"Vivemos num século democrático. Tudo o que se fizer há-de ser com o povo e pelo povo ou não se faz"

A frase, da autoria do próprio Garrett, consta na peça Frei Luís de Sousa e transcreve bem o pensamento político-ideológico do autor.

Os sentimentos nacionalistas e a celebração do Povo como entidade formadora da nacionalidade são “gostos da época, típicos do romantismo e surgem como reacção da intelectualidade europeia à política hegemónica e aglutinadora de Napoleão”, esclarece Fátima Marinho.
Como liberal e romântico, Almeida Garrett também procurou no Povo as raízes da identidade nacional e a sua obra espelha o compromisso que assumiu com os valores, as tradições e a História do país.

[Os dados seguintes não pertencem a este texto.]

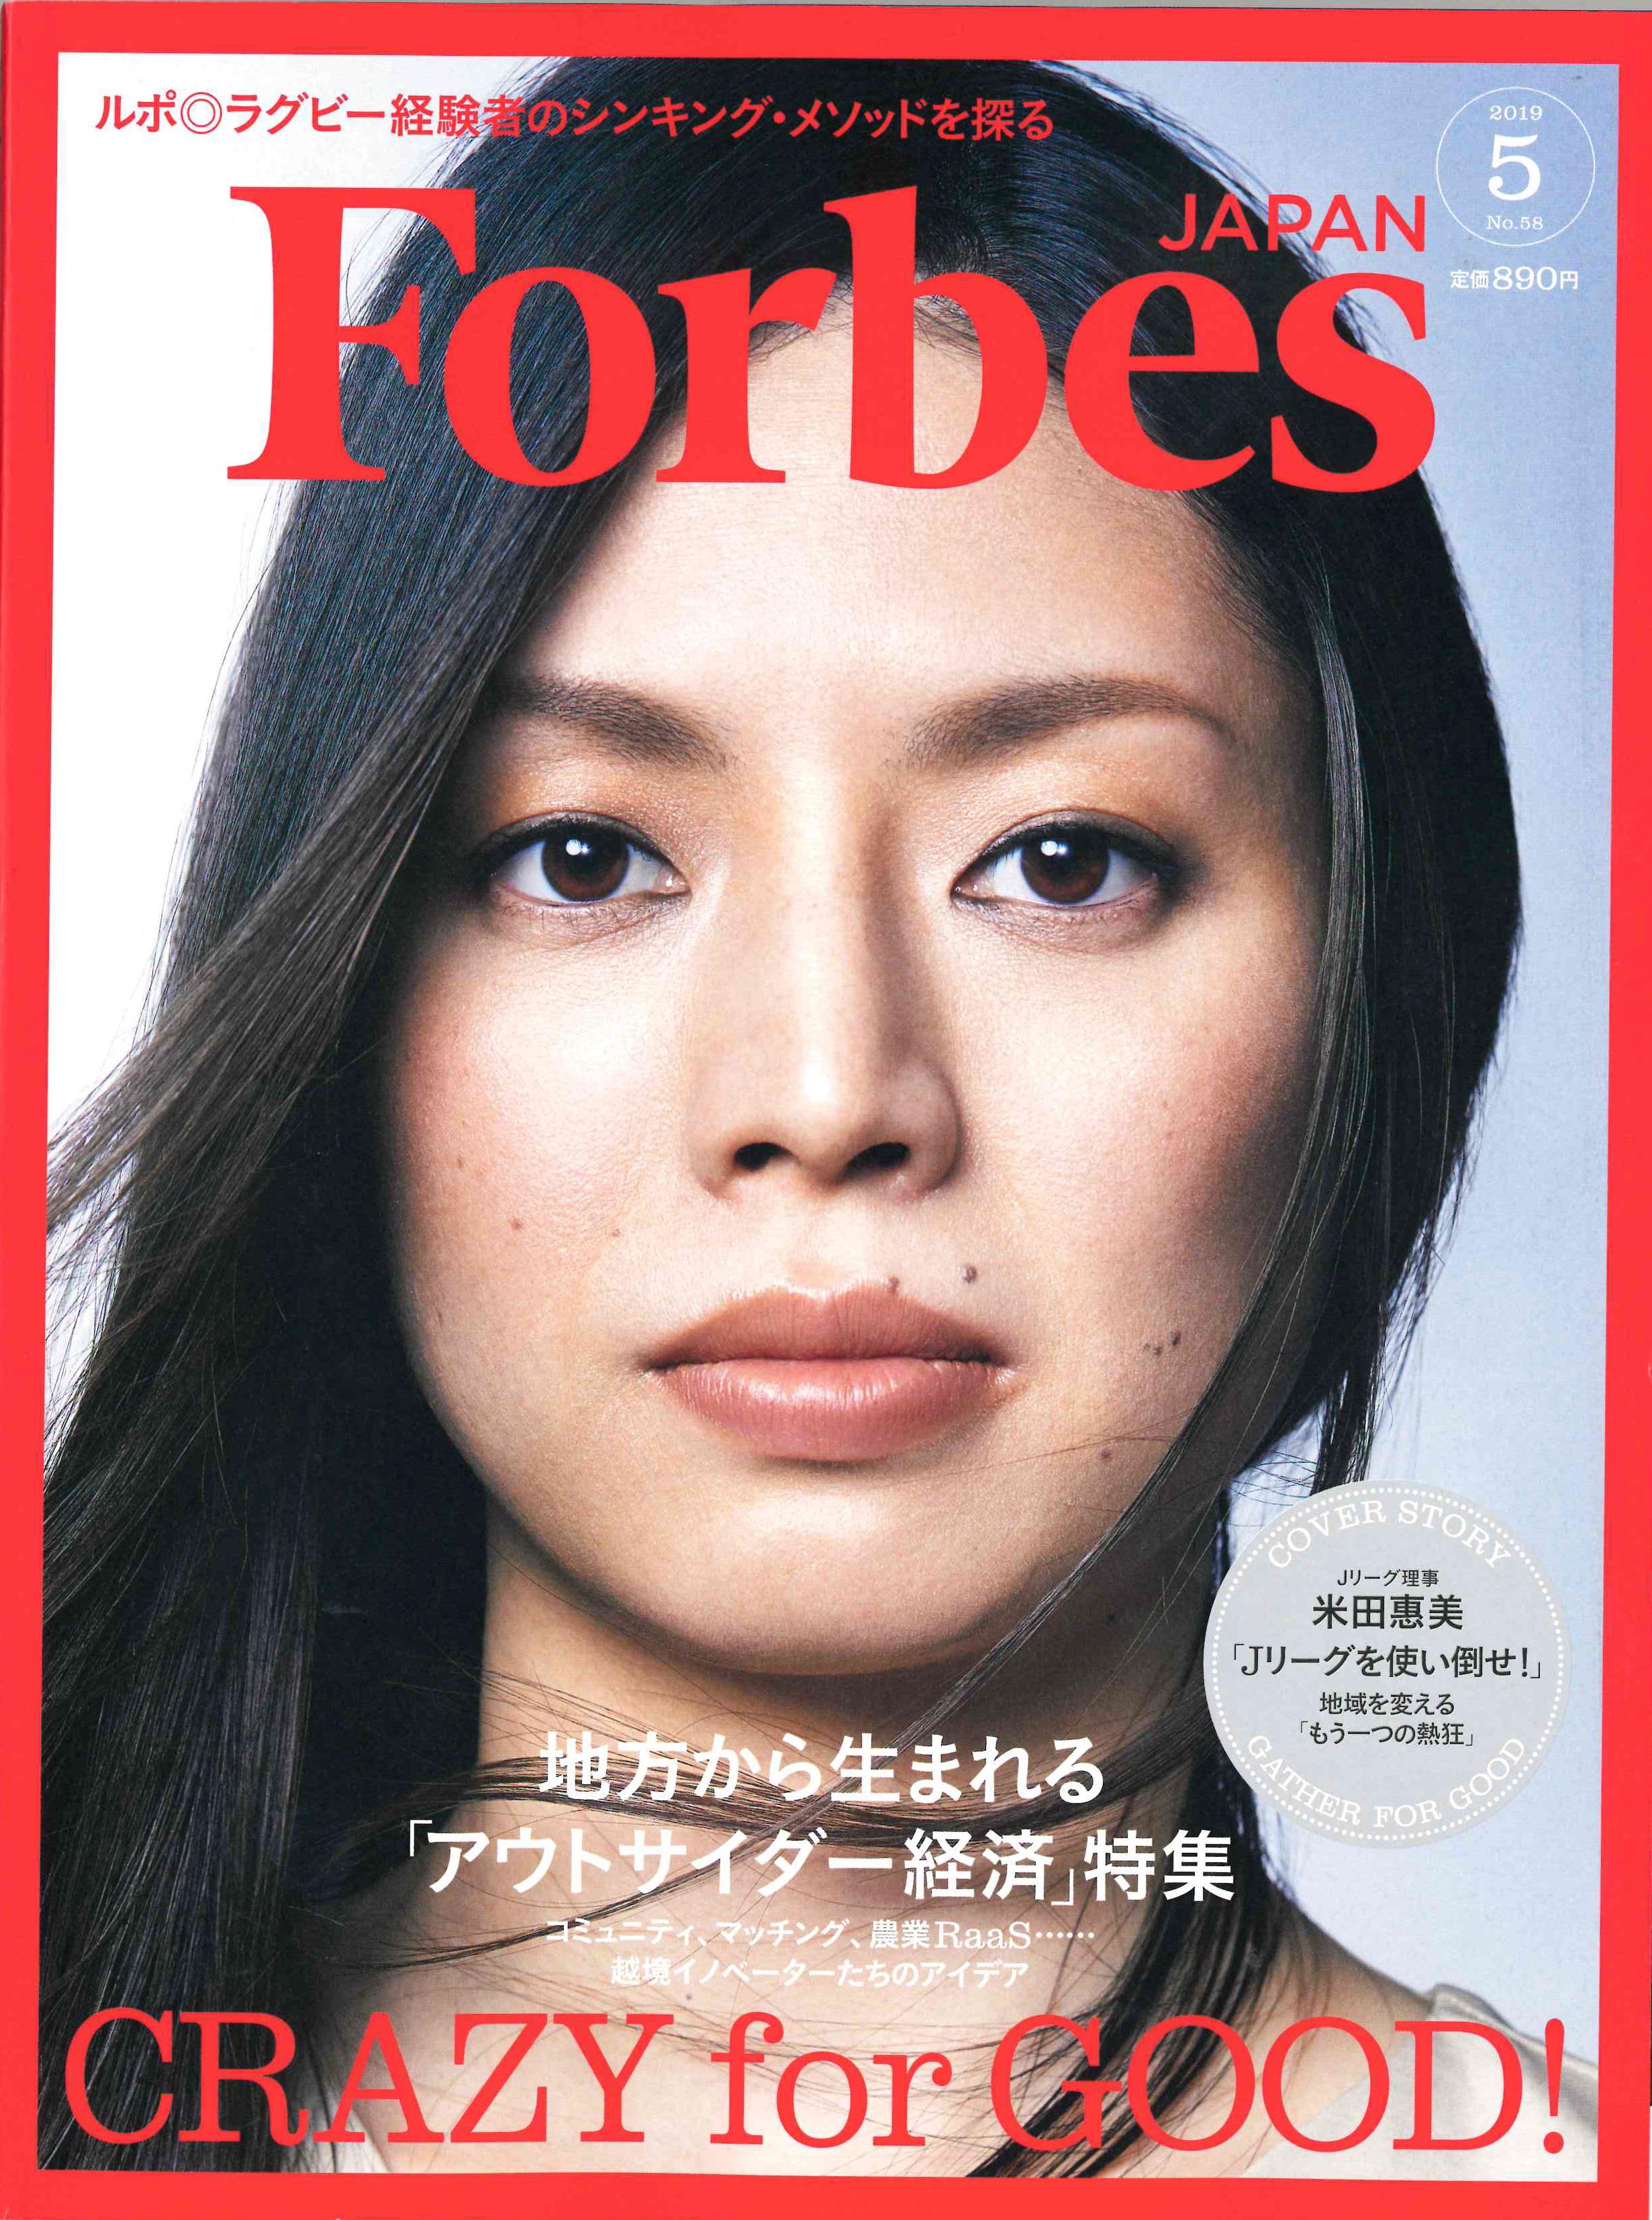 3月25日発売「Forbes JAPAN 5月号」表紙

O gosto do escritor pelo popular evidenciou-se sobretudo na recolha que fez dos contos e tradições populares, reunidos em poesia no Romanceiro. Um trabalho muito próximo da etnografia e de que Garrett foi pioneiro em Portugal.
Mas o Povo é também a figura central do Arco de Sant’Ana, um romance histórico escrito durante o cerco do Porto em 1832 e que, a par das Viagens, aparece como uma “espécie de ecrã ideológico, estabelecendo uma analogia entre o povo portuense que, no século XIV, lutou contra a prepotência do Bispo e a luta dos liberais contra os absolutistas”, explica a professora da Faculdade de Letras da Universidade do Porto.
No entanto, o Povo de Garrett, como faz questão de evidenciar, “é um povo idealizado, inspirado nos valores do romantismo, que não são genuinamente os valores do povo real, ignorante e faminto”.

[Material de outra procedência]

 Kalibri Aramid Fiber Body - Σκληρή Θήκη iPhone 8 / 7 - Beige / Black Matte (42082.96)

Mas Garrett foi, sobretudo, um ideólogo da burguesia liberal e os livros que escreveu demonstram o seu empenho na reforma político-social e cultural da sociedade portuguesa.
A luta entre o Portugal velho e o Portugal novo é, como refere Fátima Marinho, bem ilustrada nas Viagens, cujas personagens reflectem a divisão ideológica do país. “Em Viagens na Minha Terra, Almeida Garrett projecta os seus ideais políticos através do contraste que cria entre o Carlos liberal e o Frei Dinis absolutista e corrupto”.

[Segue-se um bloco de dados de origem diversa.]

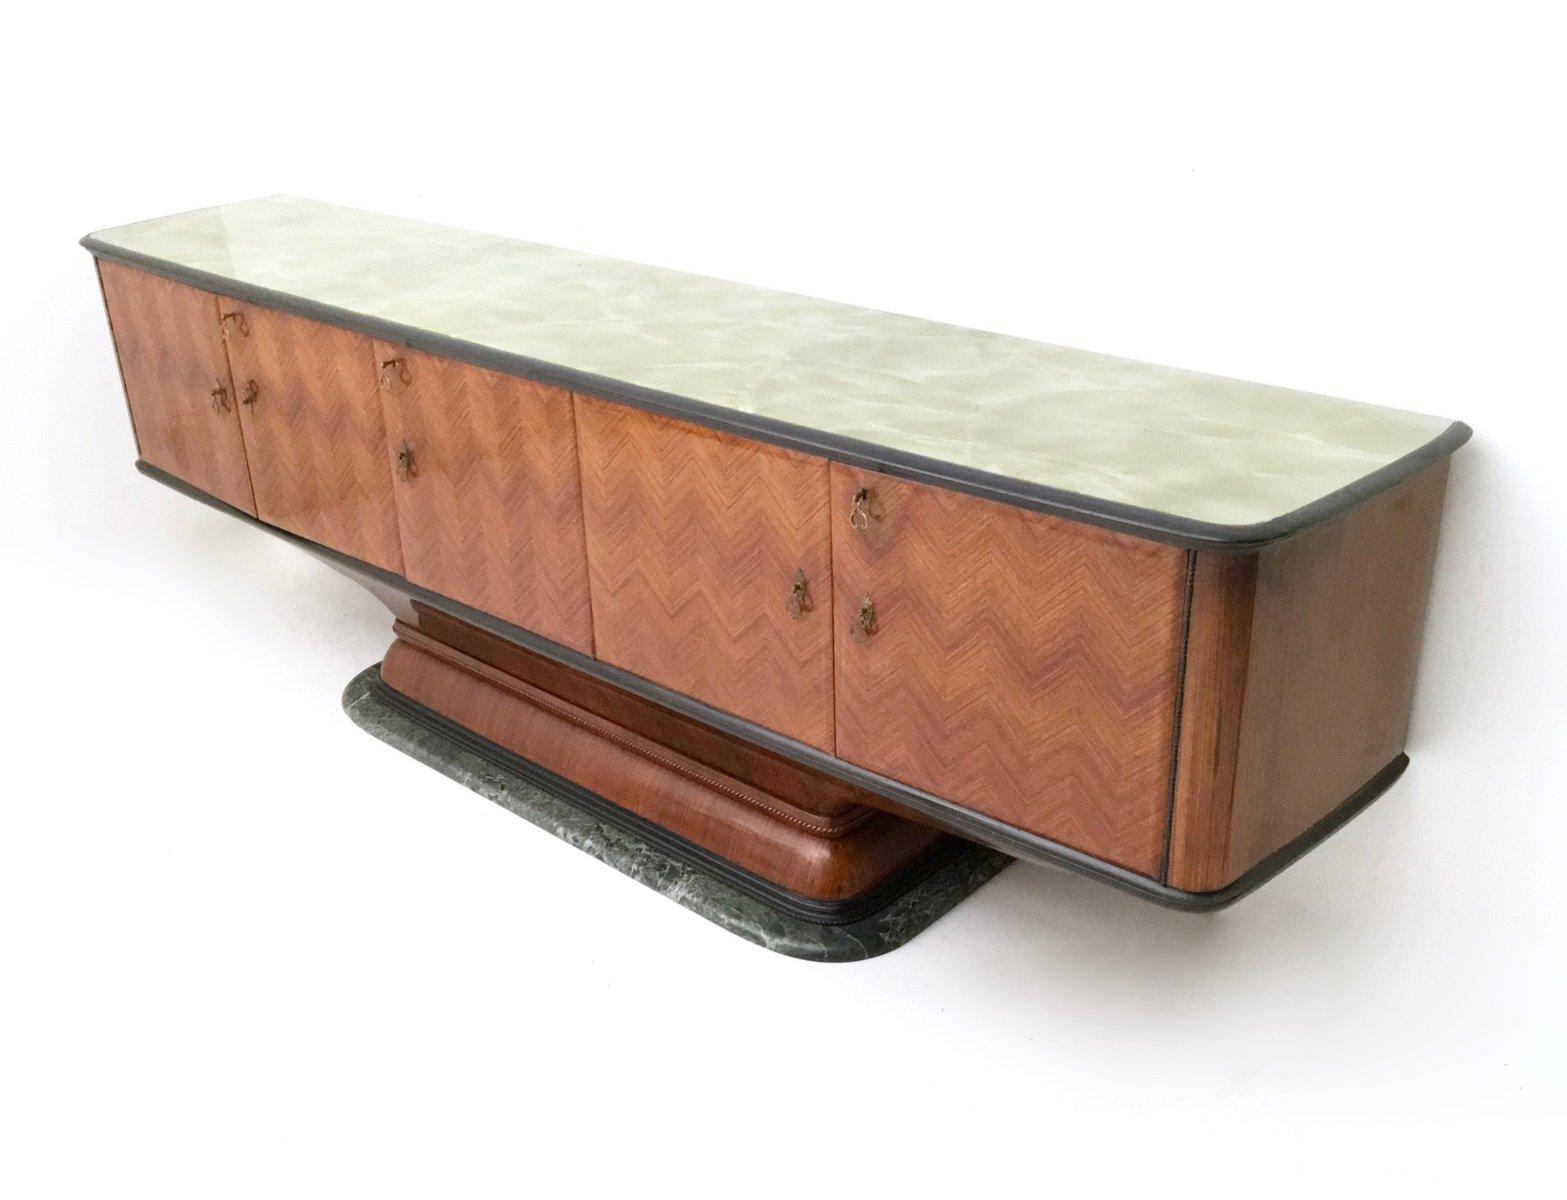 palisander sideboard mit gr nem marmorfu schwarz lackierter tischplatte aus glas 1950er bei. Black Bedroom Furniture Sets. Home Design Ideas

Além disso, a professora do Porto refere que a personagem de Carlos expressa não só as convicções liberais do autor, como o próprio desencanto de Garrett pelo desfecho do liberalismo português. “O destino de Carlos, que é feito barão e engorda, transpõe a frustração de Garrett diante do oportunismo da burguesia”.

Comprometido com o seu tempo e ávido de intervir nos destinos do país, Almeida Garrett não foi apenas escritor, mas também cronista, historiador, etnógrafo e crítico consciente. E os seus livros testemunham como poucos a época e o país em que viveu.